In 2018 we will see three major effects: The impact that electric trucks, for instance the one from Tesla, will have on city logistics since they might be allowed to drive at night. The further cost reduction of batteries and electric energy will make traditional transmission for heavy use vehicles obsolete. New car manufacturers from China will enter the European and US market with cheap electric cars – powered by BYD and other battery manufacturers. Furthermore, we will see a next step when it comes to autonomous vehicles and autonomous taxis but this depends highly on the approval processes by the countries’ regulators. We will, however, not see a fully autonomous vehicle that is approved for mass-usage in 2018.

Consolidation and reduction of work-force

A major impact in 2017 was the combination of Alstom Transportation and Siemens Mobility to a new major player in the market. This will result in the closure or some manufacturing sites in 2018 with respective job-cuts. While some shareholders may believe this will increase dividends, I am almost certain the these super tankers have reached a size that does not allow fast and dynamic decision processes. This is why I expect that small niche players such as Stadler, CAF, PESA etc. will become more successful in 2018. It is even possible that new entrants, coming from the full electric traction chain industry, could enter the market by providing remodeling and spare parts across the globe.

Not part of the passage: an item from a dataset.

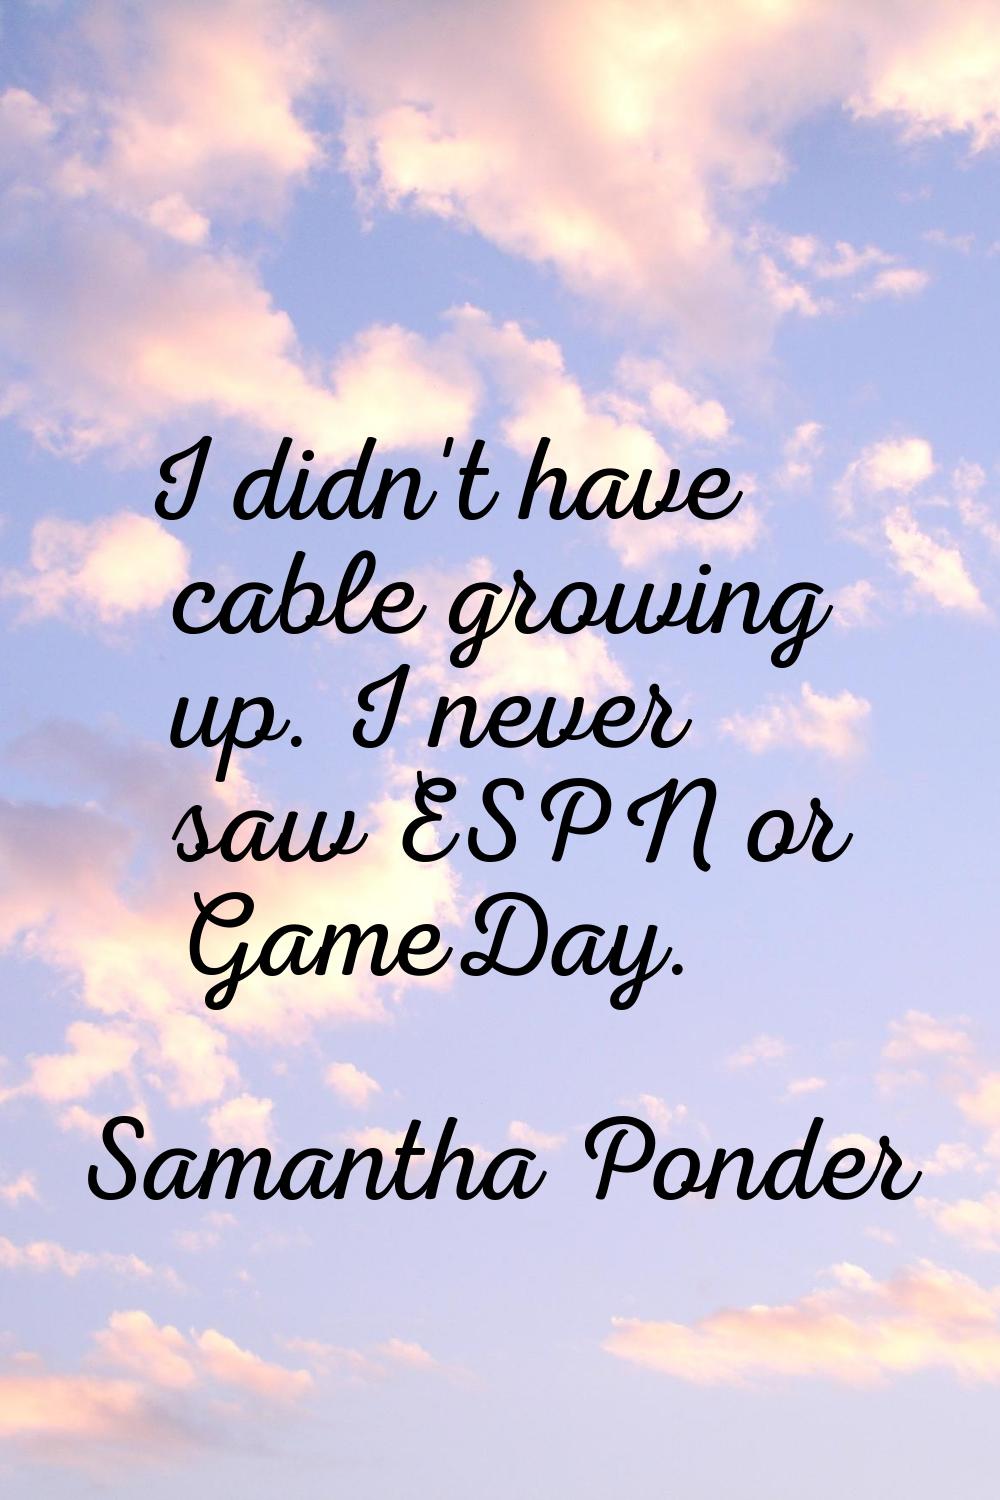 I didn't have cable growing up. I never saw ESPN or GameDay.

What we will also see, possible at Innotrans, is companies supplying spare parts from the 3D printer, And possibly rolling stock tenders asking for CAD or STEP files from all parts so railway undertakers can supply themselves in the future with spare parts.

Skies are starting to clear again

Technology wise, we will see in 2018 many new entrants that, with smart solutions, will enable to lever companies and industries out of software dependencies. This will be the case for instance for ground distribution systems (GDS) but also for booking platforms for public transport as well as for traffic information, distribution of parcels/cargo and industry specific ERP systems. The fog of “secretive” and protected interfaces within “black-box” software solutions will more and more fall, incumbent suppliers will be replaced with new entrants or with open source solutions.

So, many changes ahead in 2018 – I wish you all a great start and successful journey through these possibly stormy waters.